# Curious about the rod's spine



## drum junky (Jan 23, 2008)

Been looking at rod building videos on youtube, and am thinking of building one. Im sure i will have more questions if i do decide to build, but I was watching a video about finding the spine so i figured i would just check out some older cheapo rods i have and it seems like to me (the most beginner of beginners) that the guides on these rods were WAY off the spine, like 45 degrees off! Is this one of the benefits in building your own rod versus a cheap store bought one? Just curious? THANKS


----------



## Tacpayne (Dec 20, 2008)

Yes this is a benefit. I am new to rod buidling myself, I have read about everything I can find about it. There are plenty of well respected builders who say that the spine of a rod doesnt matter. I personally always build on the spine unless there is a noticable curve in the blank, then I build on teh straightest axis.

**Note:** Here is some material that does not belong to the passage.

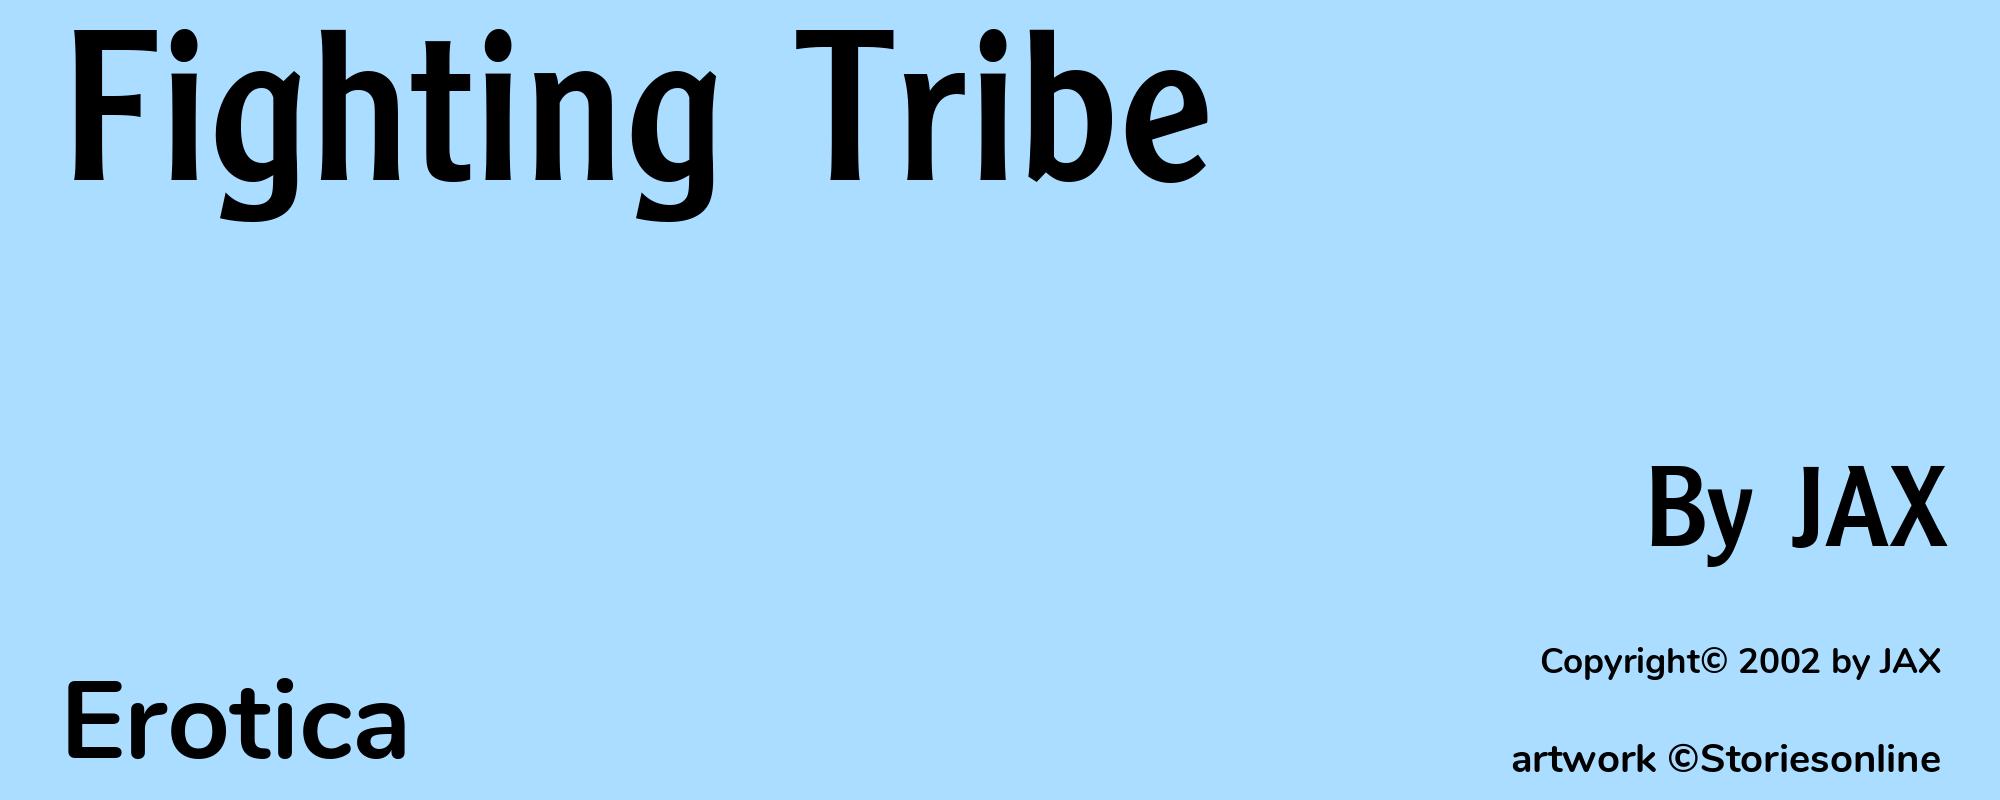 Fighting Tribe - Cover

Bookmark this website. i have spent countless hours reading on it. There are some of the best builders in the world on here giving good tips.http://rodbuilding_tutorials.webs.com/


----------



## HellRhaY (Jul 6, 2007)

build on the straightest axis. spine is an old wives tale.


----------



## basstardo (Jun 5, 2006)

HellRhaY said:


> build on the straightest axis. spine is an old wives tale.


What he said. You have both sides of the argument, and really either will work, but spining really makes no difference. This topic has been beaten to death, so just use what you're comfortable with.


----------



## jcreamer (Mar 6, 2001)

basstardo said:


> What he said. You have both sides of the argument, and really either will work, but spining really makes no difference. This topic has been beaten to death, so just use what you're comfortable with.


Right just build it right annd build it straight and it will work out. I do not build elaborate designs but what I call a working rod and all of mine work very well.

John


----------



## WALT D. (Dec 18, 2003)

I still look at the spine of every rod I build just for my curiosity, but aside from the heavy offshore stuff I don't worry so much about building on it; I just shoot for the straightest axis.


----------



## TreednNC (Jul 1, 2005)

yikes. I tried that when I was contemplating building my 1267 casting instead of spinning and it wanted to roll roll roll with me.


----------